The instinct, for most people, is panic. Walls mean privacy. Walls mean separation. Without them, the concern is that everything bleeds into everything else — that sleep bleeds into work, cooking bleeds into conversation, hygiene loses its boundary.
But RDTH architekti’s approach challenges that assumption directly. Their argument is that walls don’t create privacy — design does. The right arrangement of furniture, material, light, and curtain can produce the same psychological effect as a brick partition, without the permanence or the compression.
In this flexible apartment layout, the studio removed every fixed partition except the installation shaft and a skylight. That’s the structural baseline. From there, they rebuilt the space using three primary elements: built-in furniture, glass concrete blocks, and curtains. Everything else — every chair, plant, lamp, personal object — exists as a freely inserted element. The distinction between fixed and flexible is built directly into the design logic.

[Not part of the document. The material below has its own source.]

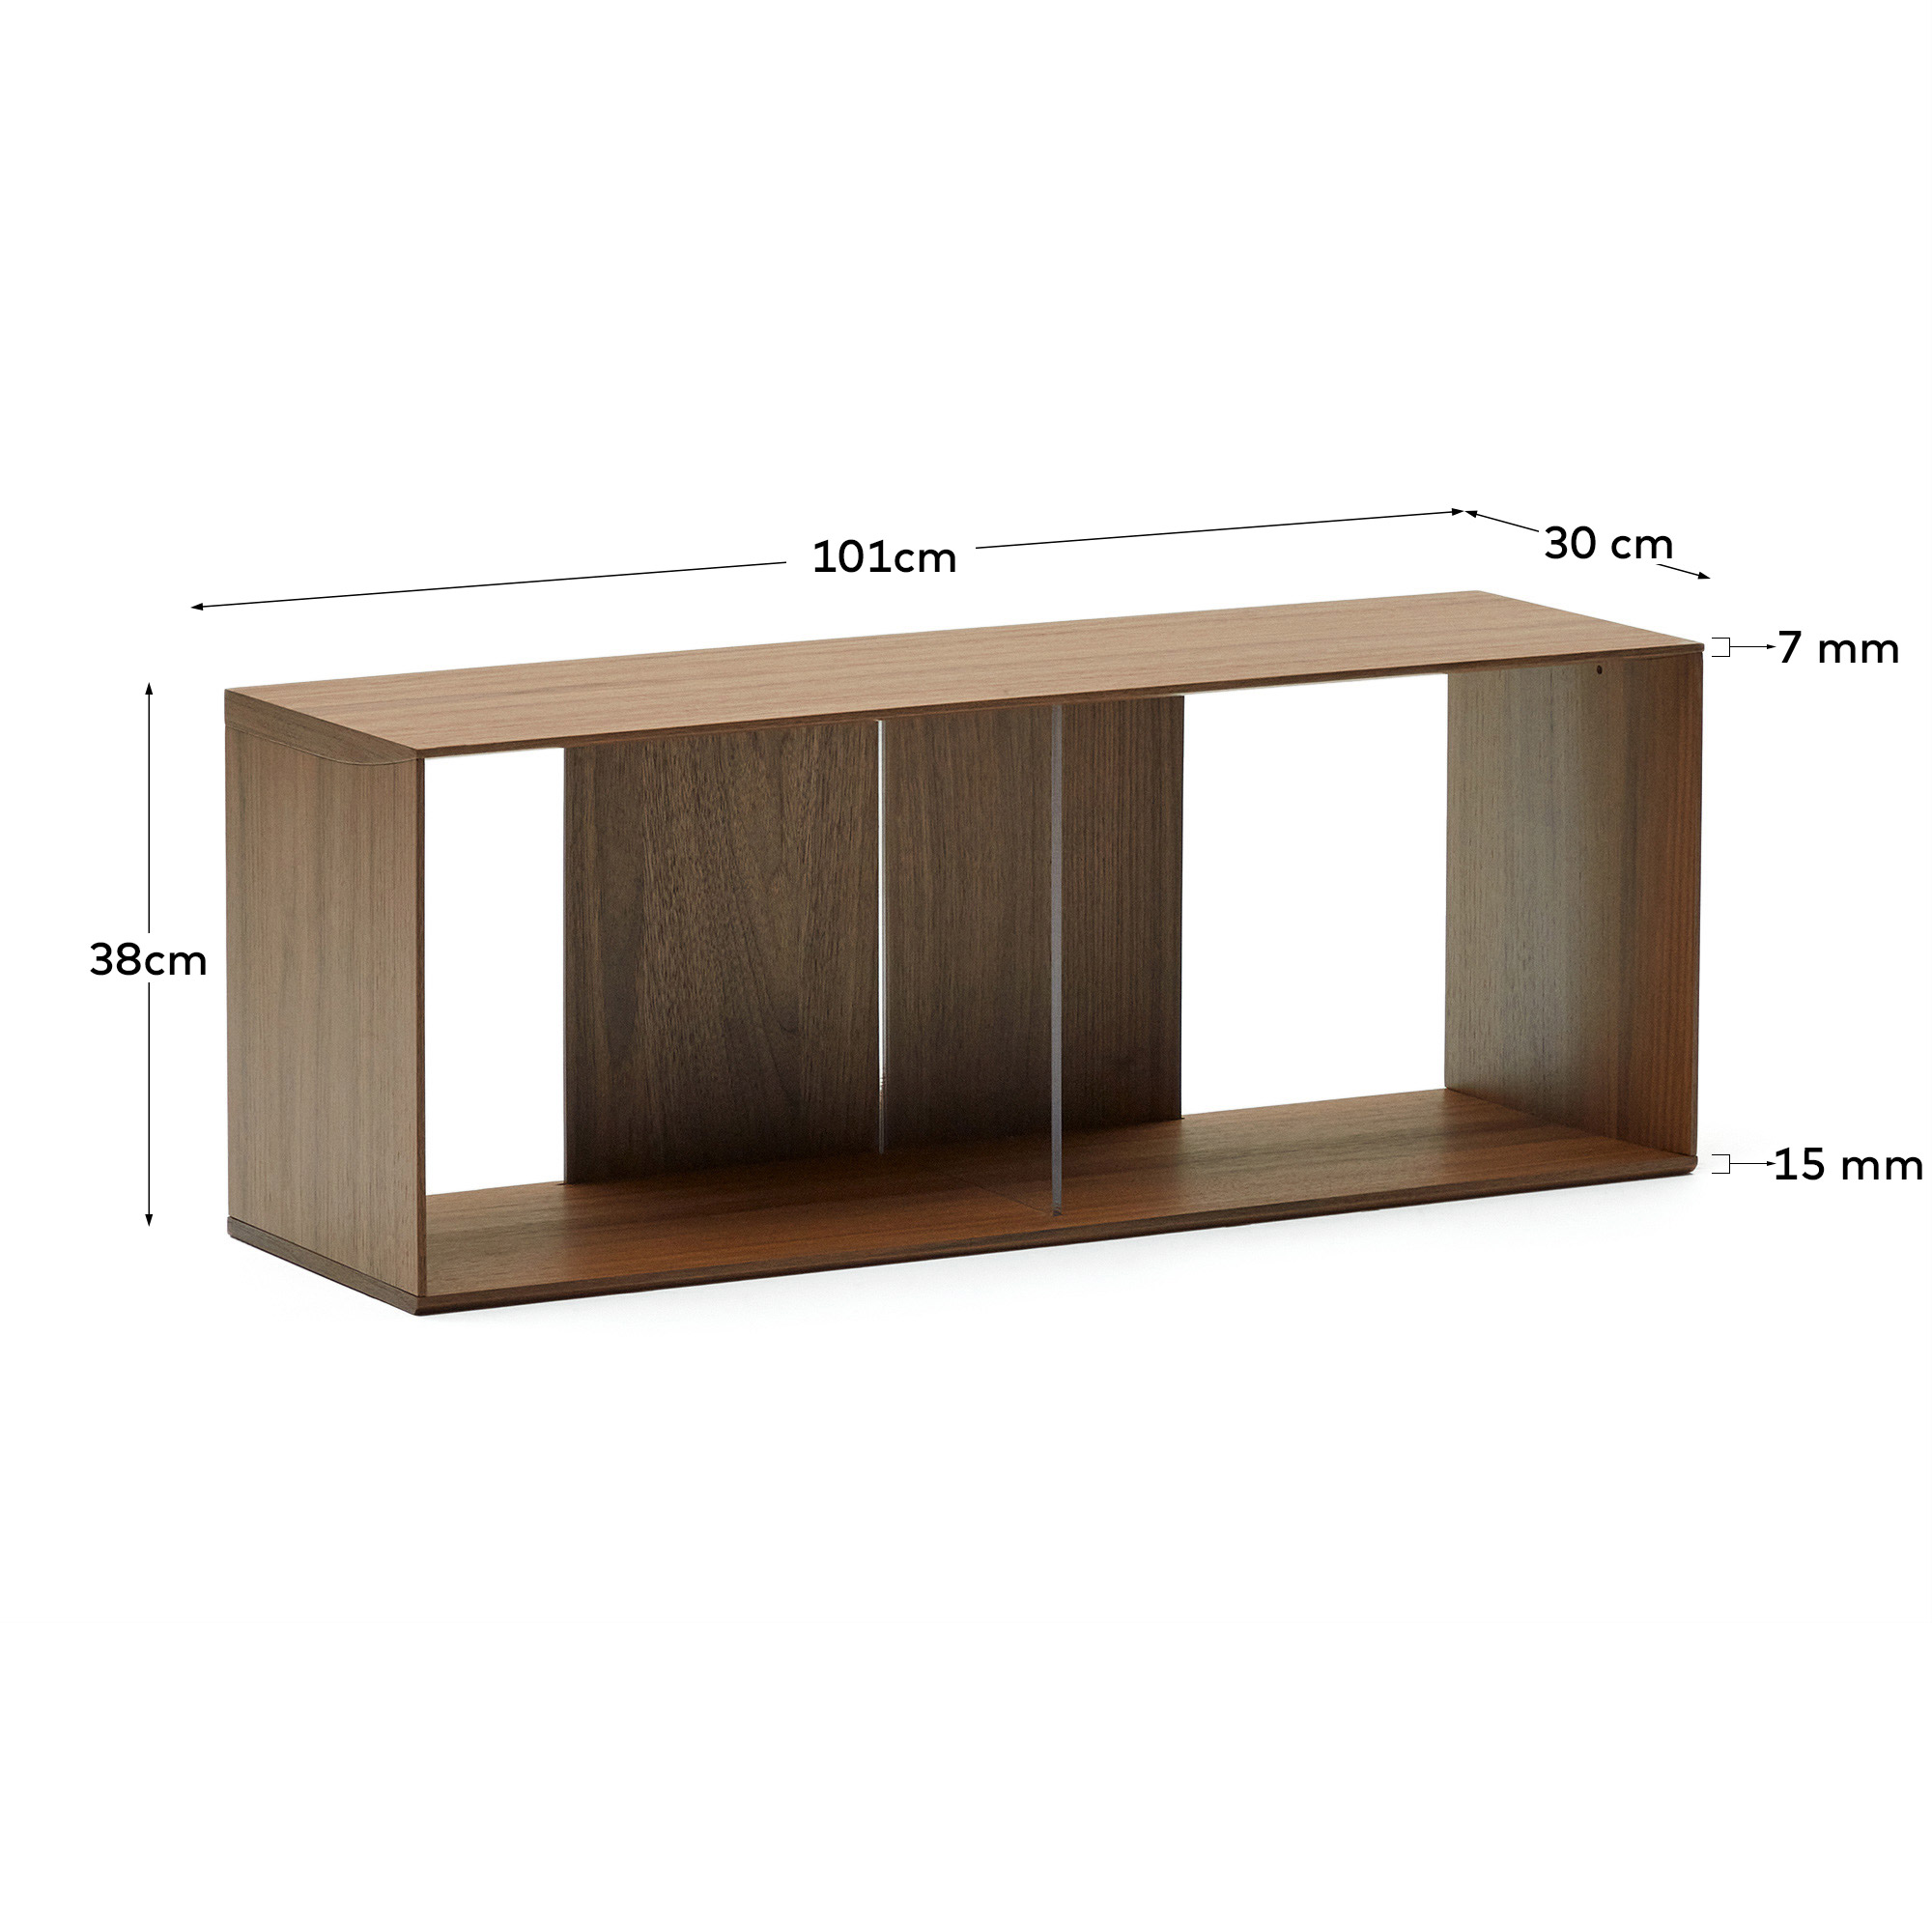 Litto large shelf module in walnut veneer, 101 x 38 cm - sizes

The central furniture block is the load-bearing idea of the entire project. By rotating it slightly off-axis, it organizes the apartment into four zones without walling any of them off. You have a sense of being in a distinct space — a bedroom, a kitchen area, a living zone — without a single partition enforcing that sense. The zones feel real because the design makes them real, not because drywall says so.
The Pivot Block Framework: One Element That Does Four Jobs
Let me name what RDTH architekti built here, because it deserves a precise term. Call it the Pivot Block Framework: a single centrally placed, rotationally offset furniture element that simultaneously creates spatial hierarchy, defines functional zones, and preserves overall openness. It’s a design strategy, not just a furniture choice.
The Pivot Block concept challenges the traditional assumption that spatial organization requires physical enclosure. It argues instead that directionality and visual anchoring can do the same work. When you enter this apartment, your eye finds the central block immediately. From there, it reads the surrounding space as organized — even though nothing is walled off.
This is a meaningful departure from how most open-plan apartments handle the same problem. Typically, open plans rely on rugs, lighting changes, or ceiling treatments to define zones. Those are additive strategies — you layer on top of the blank space. The Pivot Block is a subtractive strategy. You start with total openness and let one strong element create all the structure.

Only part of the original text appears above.